Other Options to consider - Posted by Michael Mororngiello
Posted by Michael Mororngiello on March 21, 2000 at 17:46:55:
With the 12 units you have a “commerical” property designation. These can be difficult to finance and also to refinance in the future.
It sounds like you have a FLEXIBLE and perhaps motivated seller on your hands? it would be a shame to have those very restrictive 1st lien terms on the property where you’ll have some concerns about taking out the short term dangerous balloon payment that will become due in a year. Additionally the sellers 2nd lien will slide into a 1st lien position when you attempt to refi unless you negotiate a subordination clause into your deal with him/ her.
With a seller willing to hold a sizeable 20% 2nd lien , there may be some alternative ways to make this work;
What is owed against the property? Are you or were you capable of putting down any cash as a down payment?

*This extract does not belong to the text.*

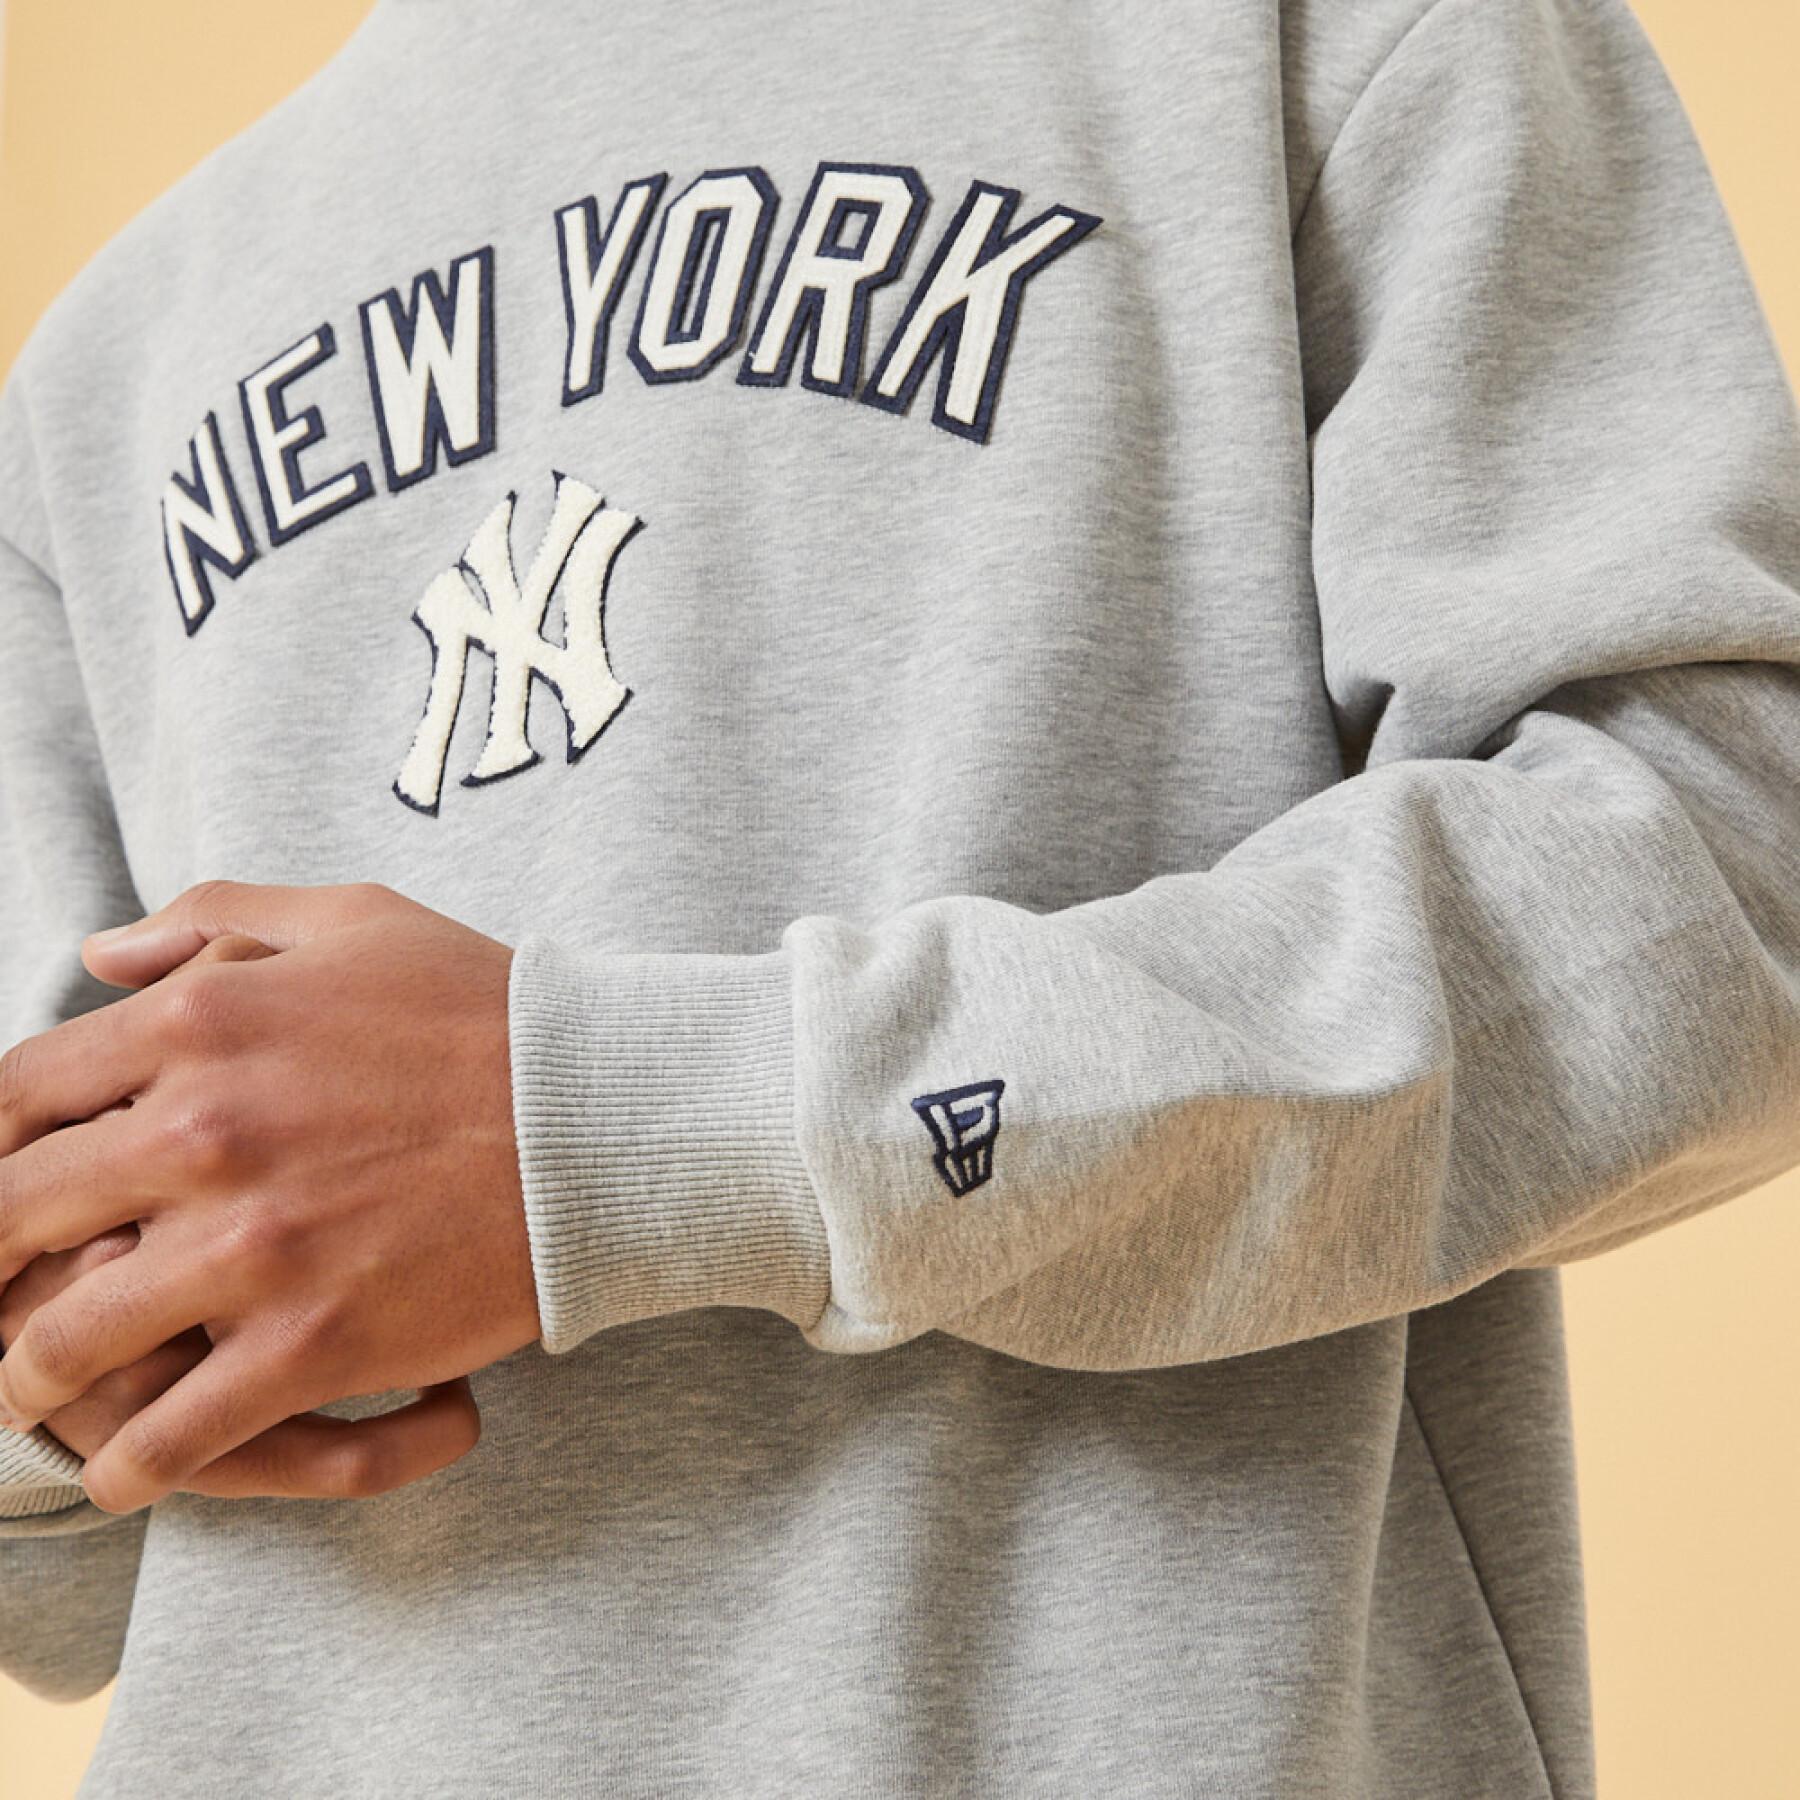 Heritage sweatshirt New York Yankees

Depending on the amount of cash you can put down and your credit background you may be able to approach the seller to hold BOTH a 1st lien and a 2nd lien. The 1st lien can be set up over a longer period of time as “psuedo” permanent financing. That 1st lien note then can be sold at the time of the closing or shortly thereafter to provide CASH to the seller. Now you do not have a short term dangerous balloon fuse staring you down in 12 months. You have time to breathe. The seller will continue to retain his 2nd lien and collect monthly income on that note.